Virtual Reality-Based Preoperative Planning for Optimized Trocar Placement in Thoracic Surgery: A Preliminary Study
Arash Harirpoush, George Rakovich, Marta Kersten-Oertel, Yiming Xiao
TL;DR
The study addresses variability in trocar placement during VATS by introducing a VR-based preoperative planning tool that encodes established principles (BDP/TTP) and is informed by an expert thoracic surgeon. It combines patient-specific 3D thoracic models, VR interaction (pivoting and hand-grabbing), and a voxelized operable-volume metric to plan trocar and camera placements. A preliminary study in right upper lobectomy with three trocars demonstrates high usability (SUS around 82) and efficient planning, with quantitative metrics showing feasible trajectory distances and a 1 L operable volume. The work offers a blueprint for VR systems in thoracic surgery planning and indicates potential benefits for reducing operative time, crowding, and fatigue, while guiding future clinical validation.
Abstract
Video-assisted thoracic surgery (VATS) is a minimally invasive approach for treating early-stage non-small-cell lung cancer. Optimal trocar placement during VATS ensures comprehensive access to the thoracic cavity, provides a panoramic endoscopic view, and prevents instrument crowding.

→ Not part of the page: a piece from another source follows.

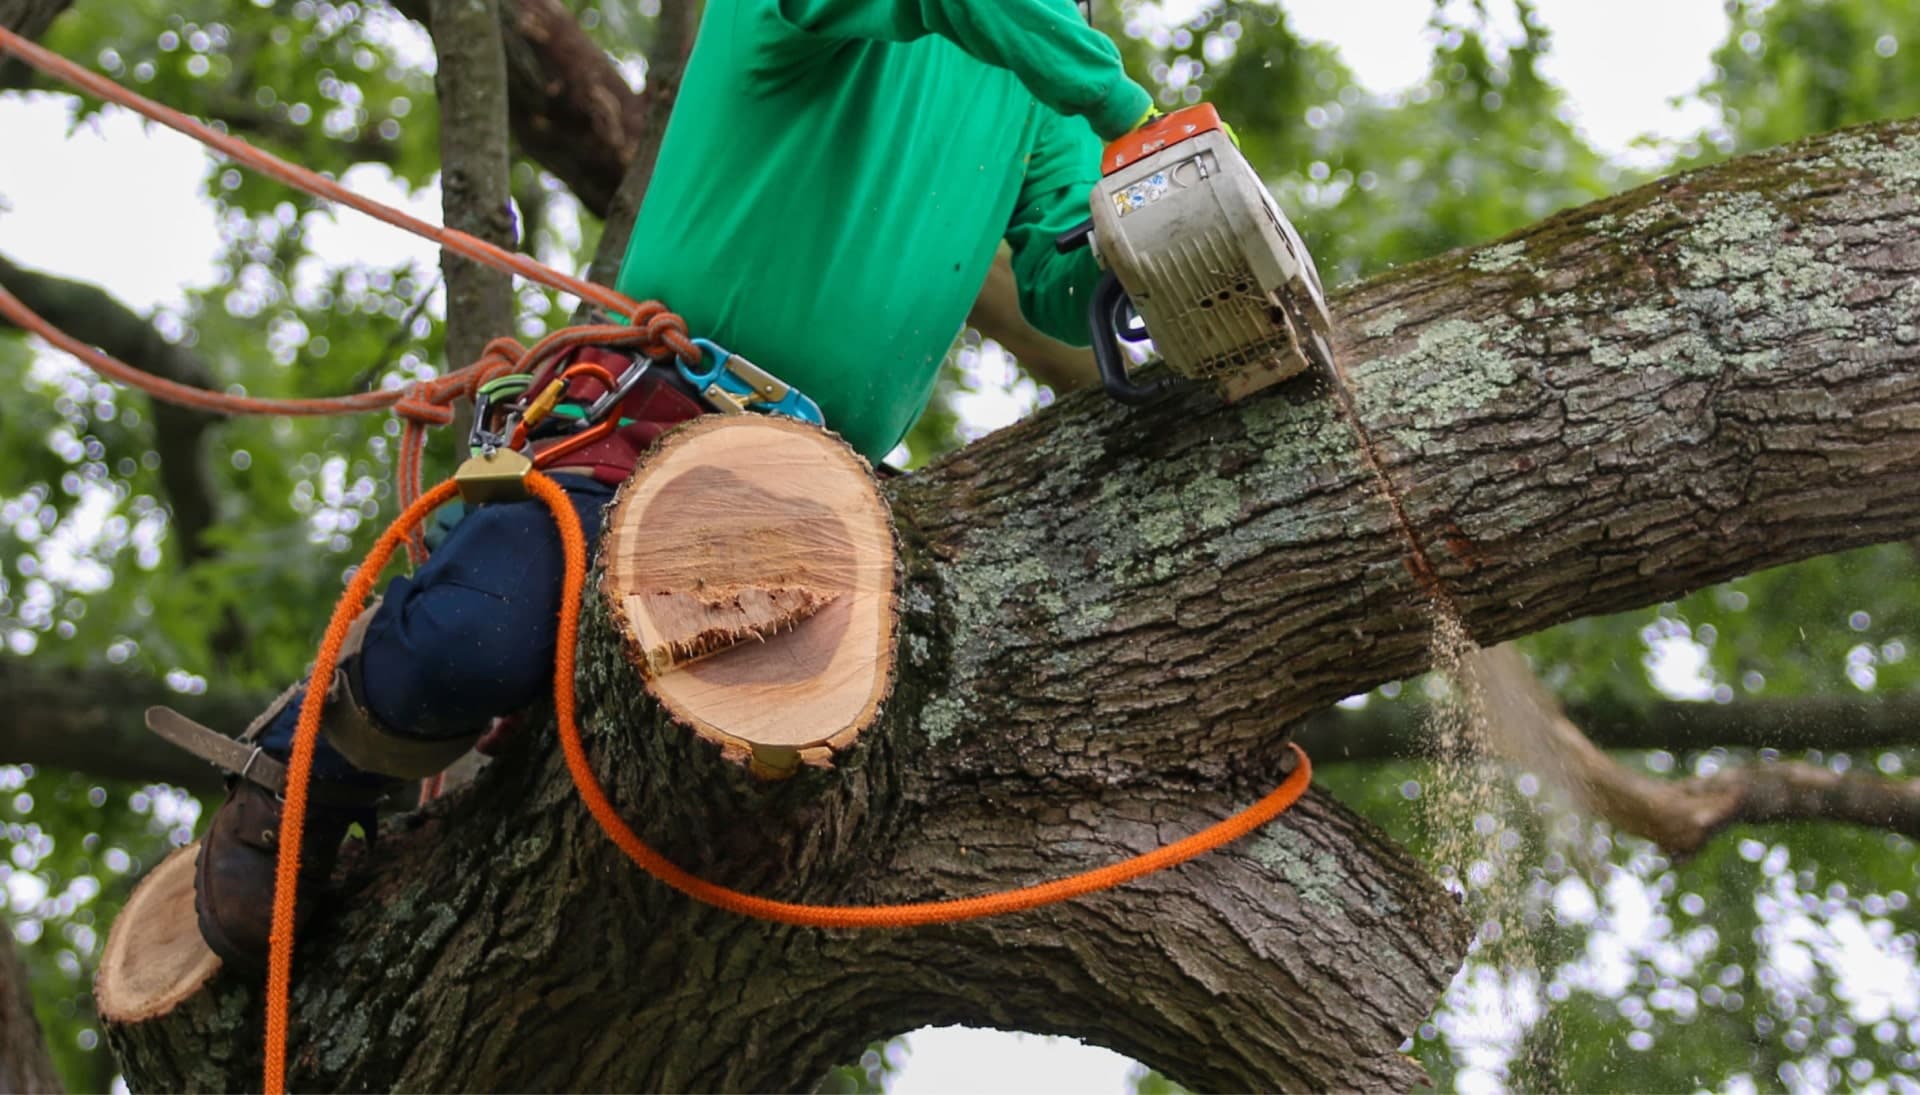 Shed your worries away with best tree removal in Louisville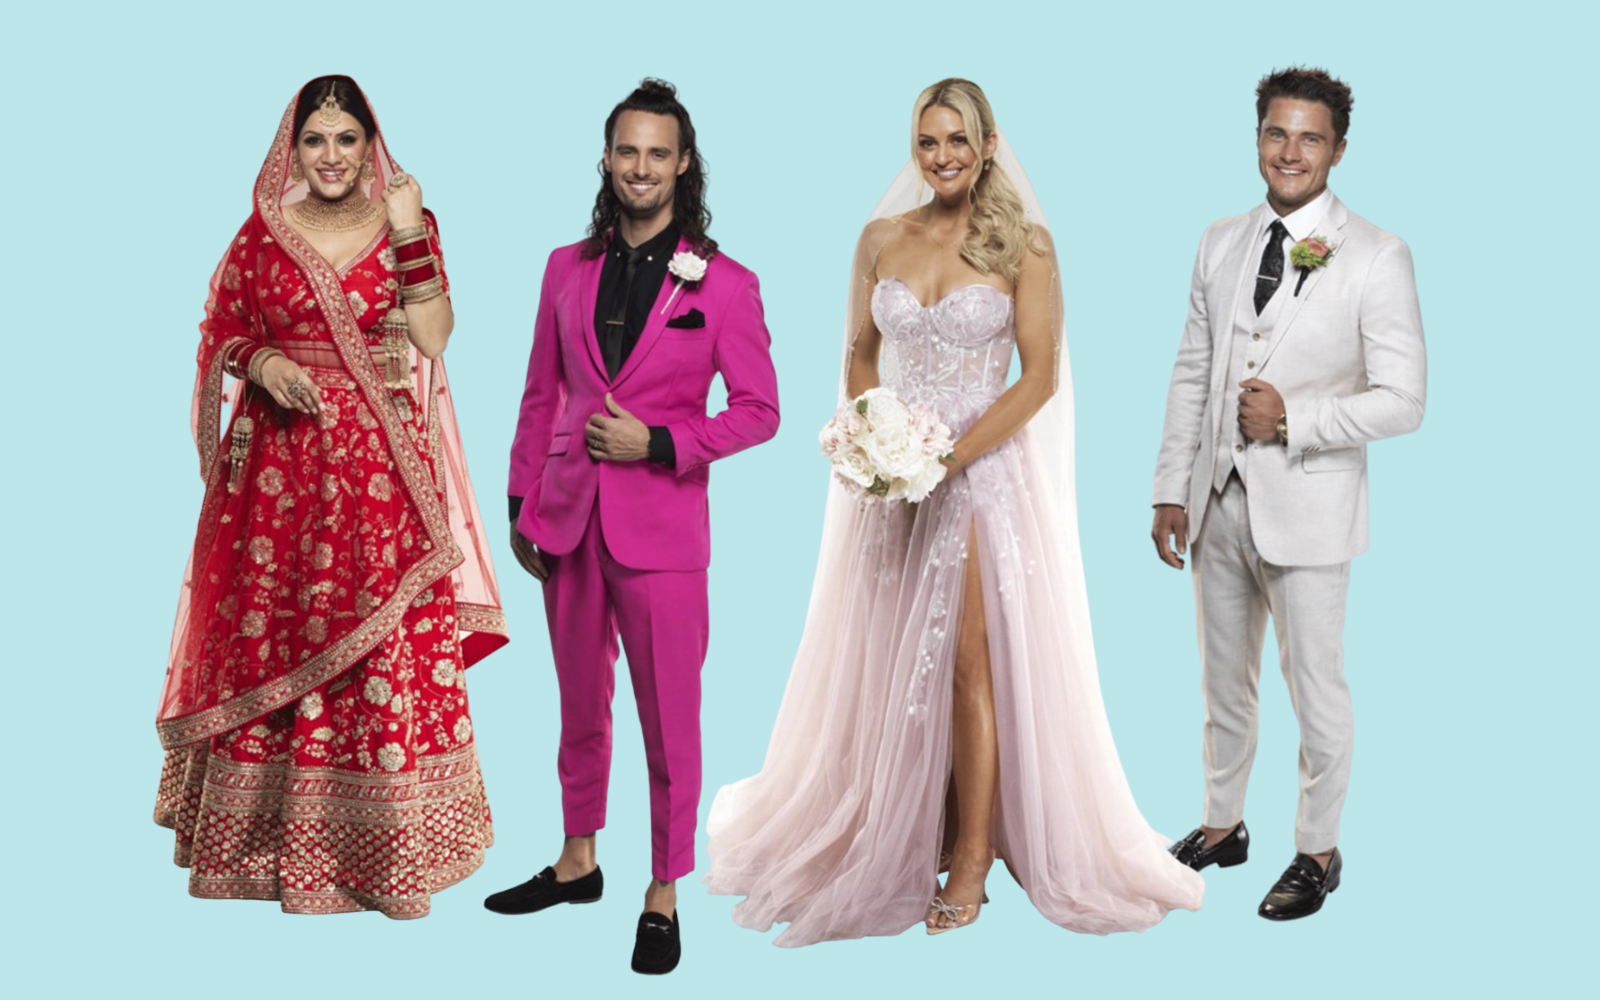 MAFS 2023: Meet the brides and grooms about to walk down the aisle

While established principles such as the Baseball Diamond Principle (BDP) and Triangle Target Principle (TTP) exist, surgeons mainly rely on experience and patient-specific anatomy for trocar placement, potentially leading to sub-optimal surgical plans that increase operative time and fatigue. To address this, we present the first virtual reality (VR)-based pre-operative planning tool with tailored data visualization and interaction designs for efficient and optimal VATS trocar placement, following the established surgical principles and consultation with an experienced surgeon. In our preliminary study, we demonstrate the system's application in right upper lung lobectomy, a common thoracic procedure typically using three trocars. A preliminary user study of our system indicates it is efficient, robust, and user-friendly for planning optimal trocar placement, with a great promise for clinical application while offering potentially valuable insights for the development of other surgical VR systems.